Insight: When an ensemble really gels and their performance is organic and alive, you’ll hear “That band has great chemistry.” “Chemistry,” is so essential and is so broad a term, it’s nearly synonymous with “group mind.”

An ensemble that has chemistry:

  • Anticipates: each member has enough familiarity with each others’ tendencies as to be able to anticipate what they’ll do next (like being able to complete each others’ sentences.) Any musical moment is stronger when what comes before it sets that moment up. Familiarity means individual members can set up what comes next from other members.
  • Listens: simply put, you can’t interact if you are in your own world. Chemistry requires each member connecting simultaneously with their inner voice, the piece at hand and the rest of the ensemble.
  • Has common ground: shared musical sensibilities, gravitating toward similar styles of music and interpretation of phrases, cadences, harmonic treatment, rhythmic variations etc., perhaps from having a similar musical education.
  • Is reciprocal: there is a give and take. Call it hospitality – making room for other voices while honoring one’s own.
    • More concretely, each member bases what they play on what they hear both externally and internally. “Externally” meaning the here-and-now sounds coming from the other members as well as the palette of possibilities of the piece. “Internally” meaning one’s inner creative impulses refined by the musical disciplines like mastery of the instrument and an understanding of the style of the piece.
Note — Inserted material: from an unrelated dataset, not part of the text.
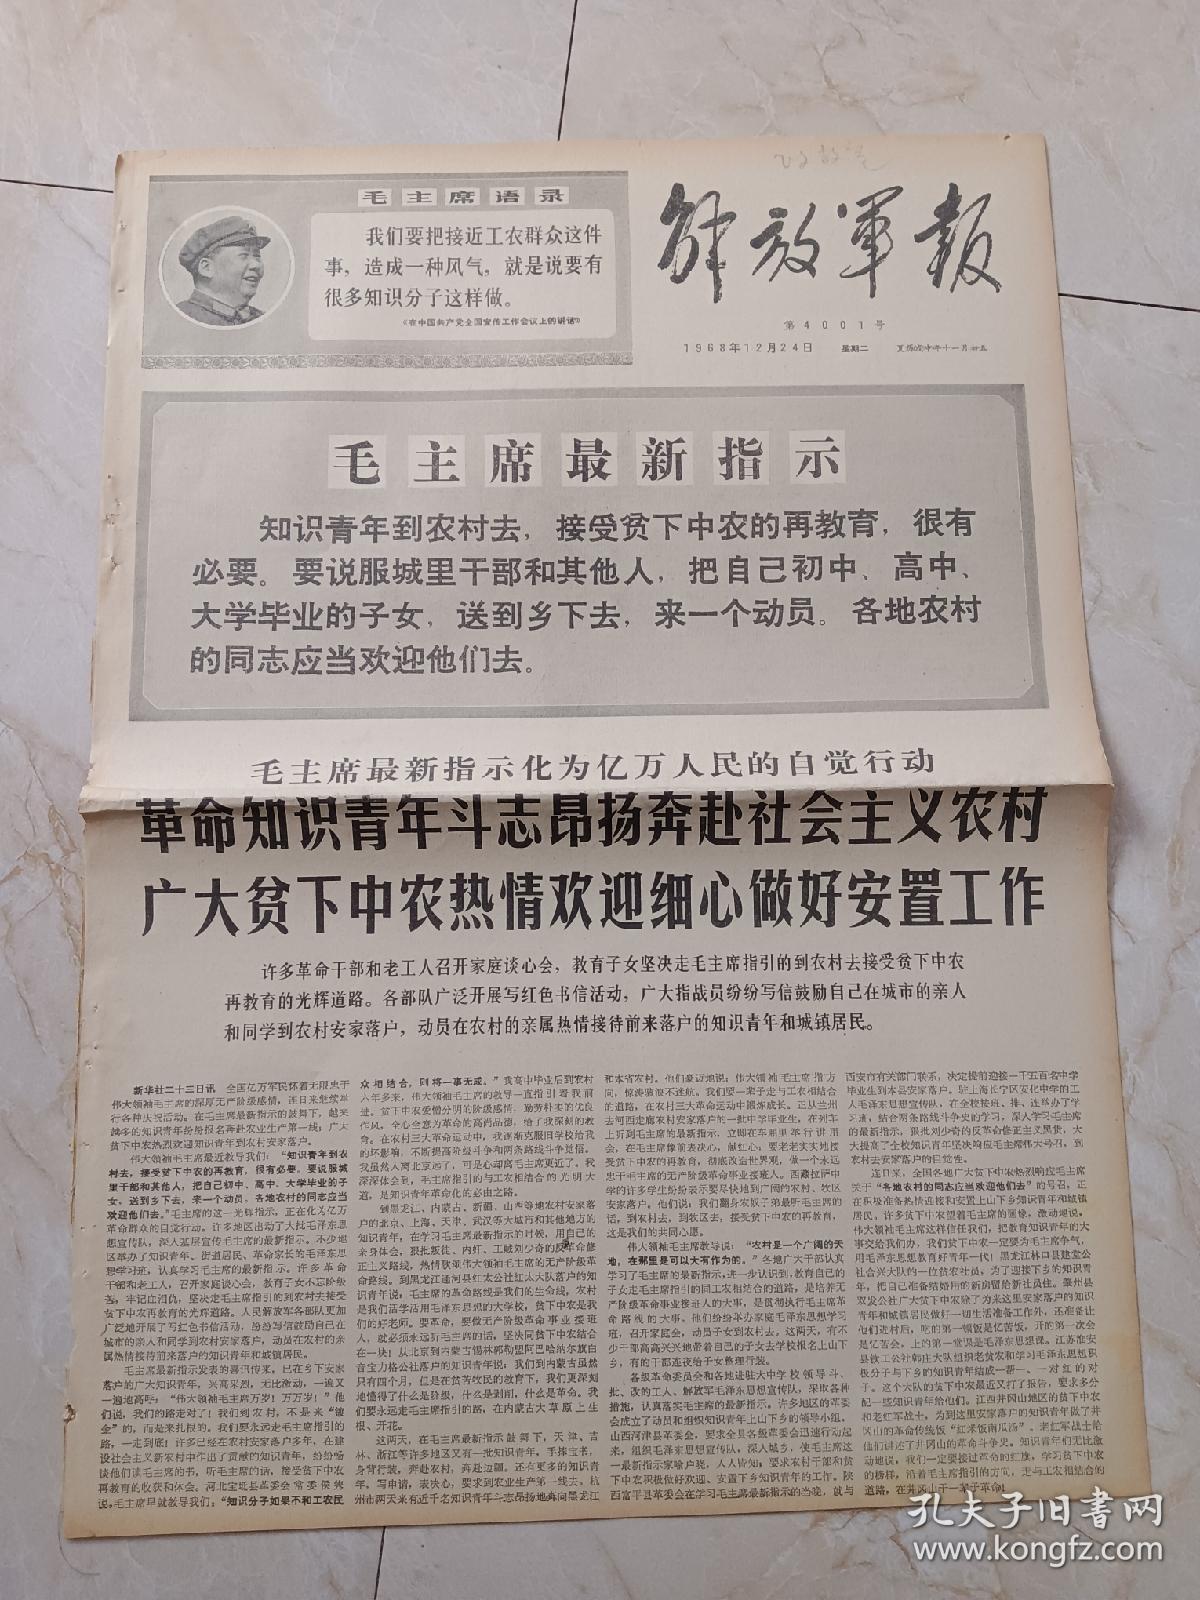 解放军报1968年12月24日。毛主席最新指示化亿万人民的自觉行动，革命知识青年都是昂扬奔赴社会主义农村，广大贫下中农热情欢迎细心做好安置工作。

    • Also includes members’ good working sense of how their instrument contributes to the whole – of the breadth and limits of their role in the ensemble and the piece at hand.
  • Balances individual and group concerns: there is room for both individuality and unity. “Speaking as one” but not to the point of losing one’s individuality. Not insisting on one’s individuality to the point of reducing the performance to a clamor of individuals competing for attention.